# Flat White 6oz vs 8oz



## nekromantik (Nov 13, 2011)

Hi people!

Is the more common UK Flat White size 6 or 8 oz?

Cheers


----------



## Burnzy (Apr 17, 2014)

6 i think...


----------



## The Systemic Kid (Nov 23, 2012)

No set standard but would say flat white territory is in the 150-180ml range which is approx 5-6oz. Above that, you're in cap territory.


----------



## nekromantik (Nov 13, 2011)

I noticed a lot of cafes use 8oz cups for flat whites.

In aussyland I heard its 8oz for flat whites but yeah thats more cappa.


----------



## garydyke1 (Mar 9, 2011)

Never heard of a capp being anything other than a single shot in a 5-5.5oz cup with a thick cap of micro foam , its a drink of balance and texture.
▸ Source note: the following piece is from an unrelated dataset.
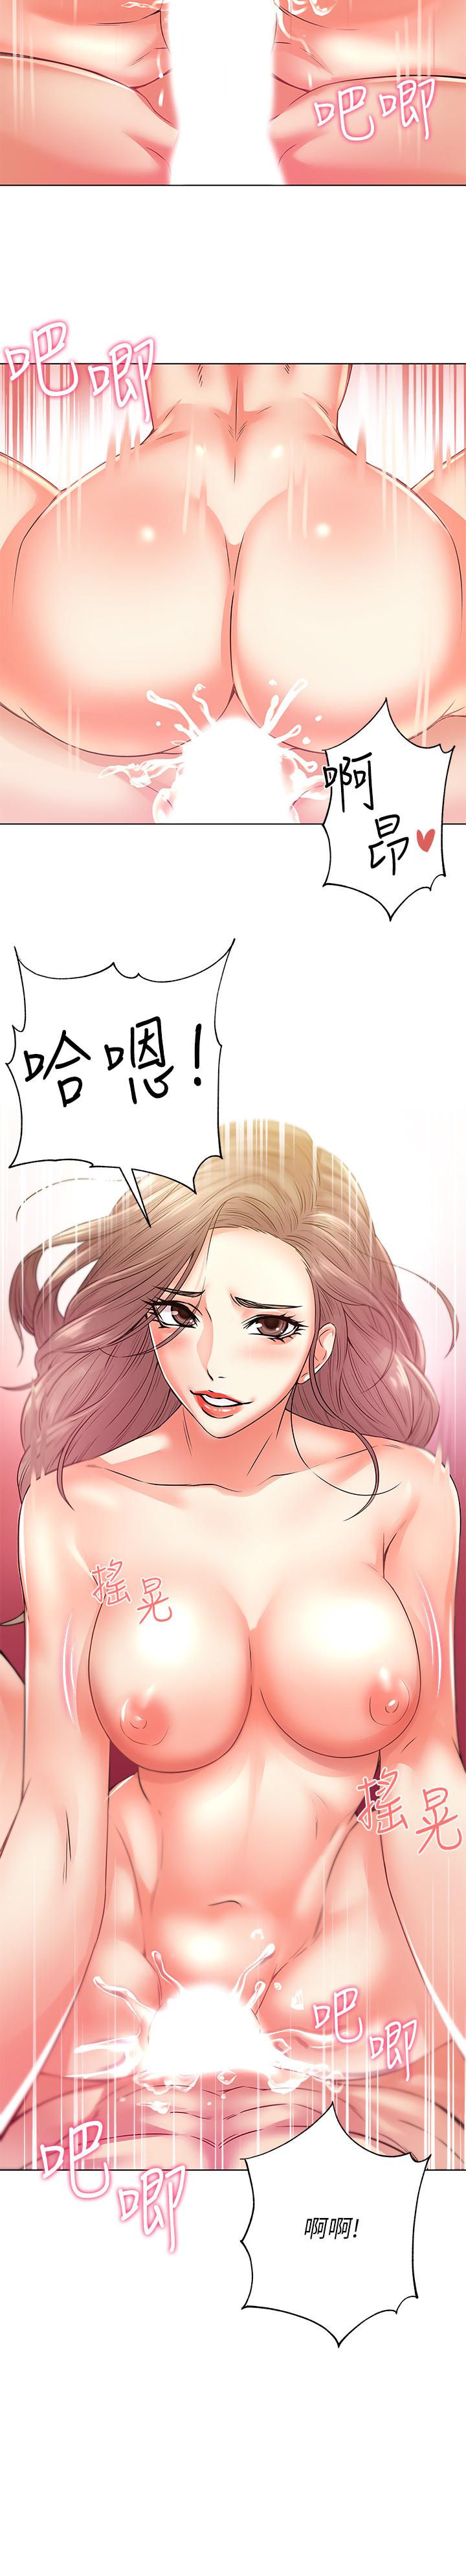 韩国污漫画 超市的漂亮姐姐 第18话-难得一见的大雕 13

Flat white is a double shot in the same size cup but thin layer of foam. 7-8oz is latte territory


----------



## Mrboots2u (May 10, 2013)

garydyke1 said:


> Never heard of a capp being anything other than a single shot in a 5-5.5oz cup with a thick cap of micro foam , its a drink of balance and texture.
> 
> Flat white is a double shot in the same size cup but thin layer of foam. 7-8oz is latte territory


Ah you converted me to the split shot

One in a completion sized cup for a capp a while ago ...


----------



## Scotford (Apr 24, 2014)

Never saw a flat white over 6oz in oz.


----------



## frandavi99 (Jun 8, 2014)

Aussie flat whites are usually 1 shot in 6oz cup. Kiwi is usually 2 shots in 6oz cup. Not sure about the UK, not enough good cafes near me to find out. I make them the Aussie way at home for the wife though.


----------



## 7493 (May 29, 2014)

Around here a flat white (from the few places that offer it) is a double shot in a 6 oz cup or glass with microfoamed milk. One place always checks that's what you want because the name has fooled a few innocents into thinking it's just an ordinary (weak) white coffee.


----------



## Scotford (Apr 24, 2014)

frandavi99 said:


> Aussie flat whites are usually 1 shot in 6oz cup. Kiwi is usually 2 shots in 6oz cup. Not sure about the UK, not enough good cafes near me to find out. I make them the Aussie way at home for the wife though.


Not any of the specialty cafes I've been to or worked at in Oz. 35-40g in a 5 or 6oz cup.


----------



## frandavi99 (Jun 8, 2014)

It was a generalisation, based largely on my wife's experience working in a Sydney cafe. 1oz of coffee to 5oz of milk in a 6oz cup. We discussed it a lot at the time as the cafe was using 8oz takeaway cups which ruined the whole ratio; although we did see a lot of cafes starting to use 6oz cups for takeaway as well later on.


----------



## Glenn (Jun 14, 2008)

In the UK 5.5 or 6oz is common

In Australia and NZ the ratios are now wider than they used to be


----------